나는 4 별개의 사용자가 방문을 시뮬레이션 한 BigQuery에서 찾을 수있는 동일한 스키마를 사용하는 웹 사이트 ga_sessions

일부 내 가정은 실제 데이터와 약간 다를 수 있습니다. 이 경우에 알려주십시오. 모의 데이터를 좀 더 정확한 답변을위한 가이드로 적용 할 수 있습니다. (실제로 이러한 모의 작업을 사용하여 프로덕션 환경에서 통합 테스트를 실행하여 도움이 될 수 있습니다.) hits.page.pagepath=tshirt

  • 는 그들은 항상 해고 될 때

    customDimensions
    1. 만 해고 : 내가 한

      가정은 (내가 틀렸다면 정정 해줘)이었다. 즉, "tshirt"페이지를 방문 할 때마다 관례가 시작됩니다.
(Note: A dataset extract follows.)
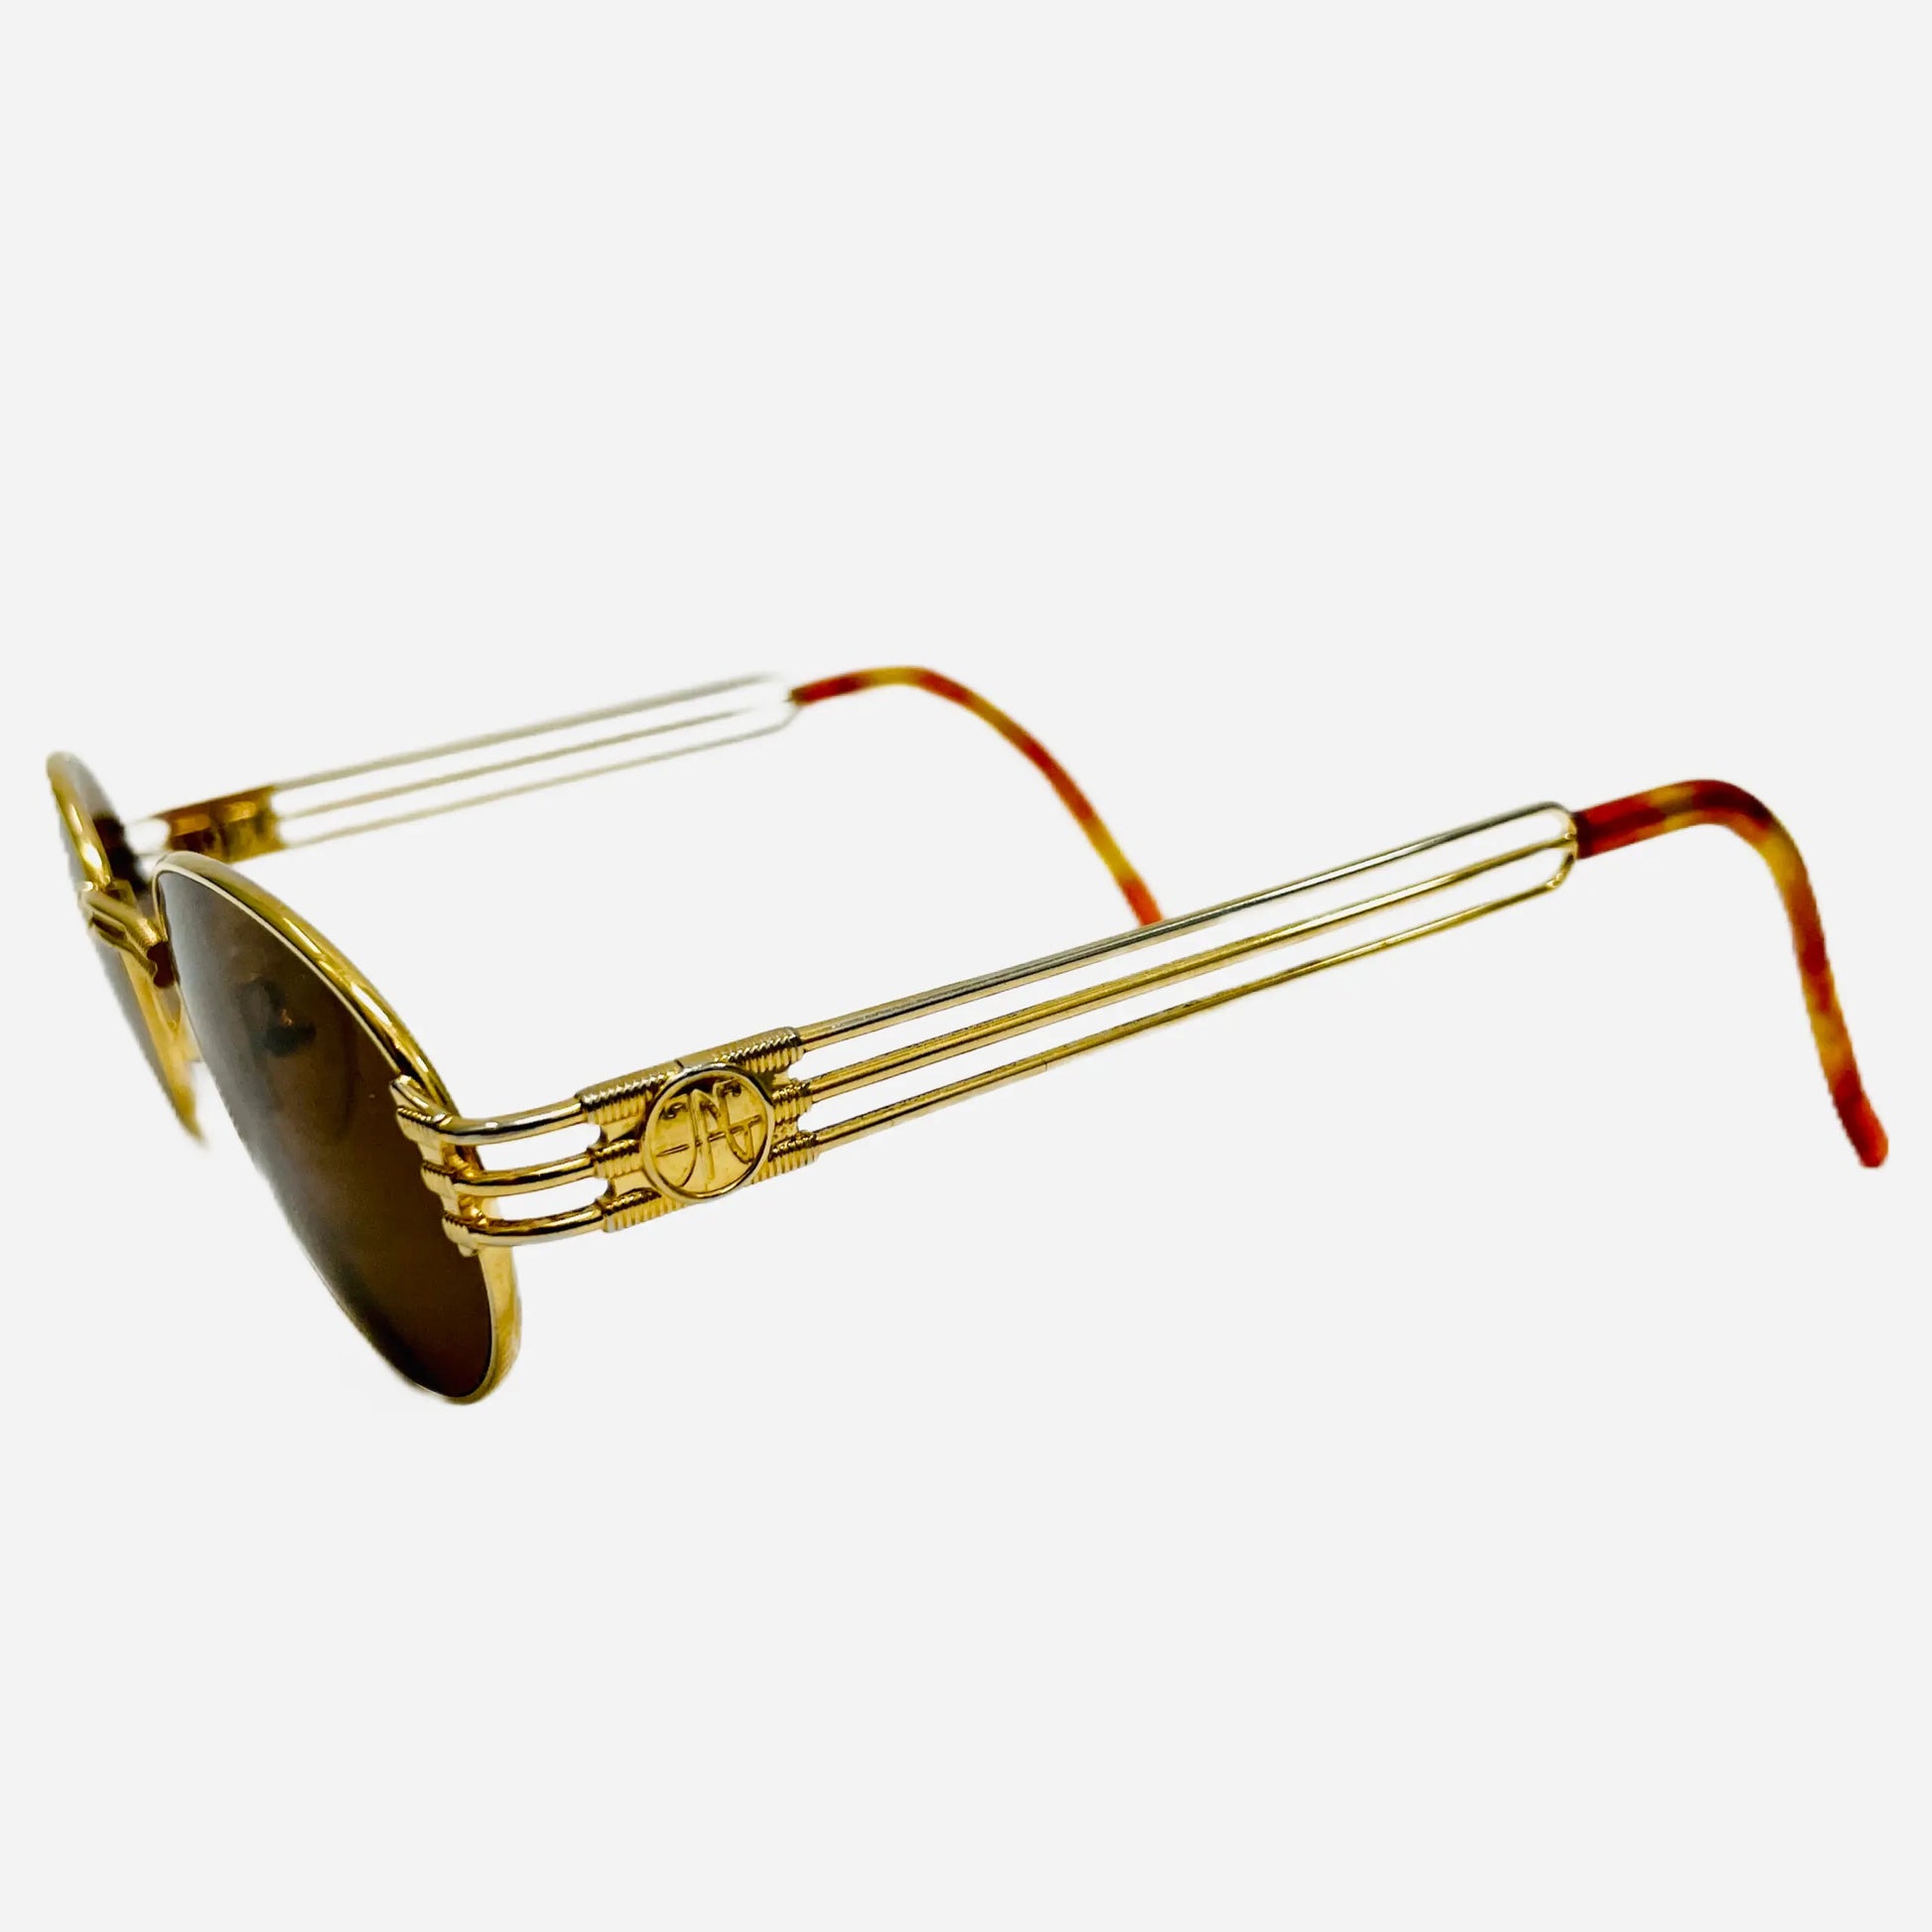 Vintage-Jean-Paul-Gaultier-Sonnenbrille-Sunglasses-57-5107-the-seekers-side

    2. eventAction 클릭이 발생하면 customDimensions이 동시에 실행되지 않습니다. 즉, hitNumber에 이벤트가 발생하고 다른 이벤트에 맞춤 이벤트가 발생합니다.

    이 예상 결과를 줄 수 있습니다 결과

    select 
        user_id, 
        country, 
        _split, 
        sum(page_hits) page_hits, 
        sum(CTA_event_hit) CTA_event_hit 
    from(
    select 
        max(user_id) user_id, 
        max(country) country, 
        max(_split) _split, 
        max(page_hits) page_hits, 
        max(CTA_event_hit) CTA_event_hit 
    from(
    select 
        fv, 
        v, 
        user_id, 
        country, 
        _split, 
        count(case when user_id is not null then 1 end) page_hits, 
        sum(click_flag) CTA_event_hit 
    from(
    select 
        fullvisitorid fv, 
        visitid v, 
        (select custd.value from unnest(hits.customdimensions) custd where custd.index = 1) user_id, 
        (select custd.value from unnest(hits.customdimensions) custd where custd.index = 4) country, 
        (select custd.value from unnest(hits.customdimensions) custd where custd.index = 7) _split, 
        case when hits.eventinfo.eventcategory = 'specific_category' and hits.eventinfo.eventlabel = 'specific_label' and hits.eventinfo.eventaction = 'upsell' then 1 end click_flag 
    from mock_data, 
    unnest(hits) hits 
    where 1 = 1 
        and hits.page.pagepath = 'tshirt' 
    ) 
    group by fv, v, user_id, country, _split 
    ) 
    group by fv, v 
    having user_id is not null 
    ) 
    group by user_id, country, _split 
    

    : 기본적으로

    enter image description here

    를, (가) USER_ID 검색 할 몇 가지 subselect 쿼리, 국가가균열. 모든 세션 (visitid)에 대해 데이터는 MAX 연산자를 사용하여 집계되며 마지막으로 user_id, 국가 및 분할 수준에 최종 집계가 있습니다.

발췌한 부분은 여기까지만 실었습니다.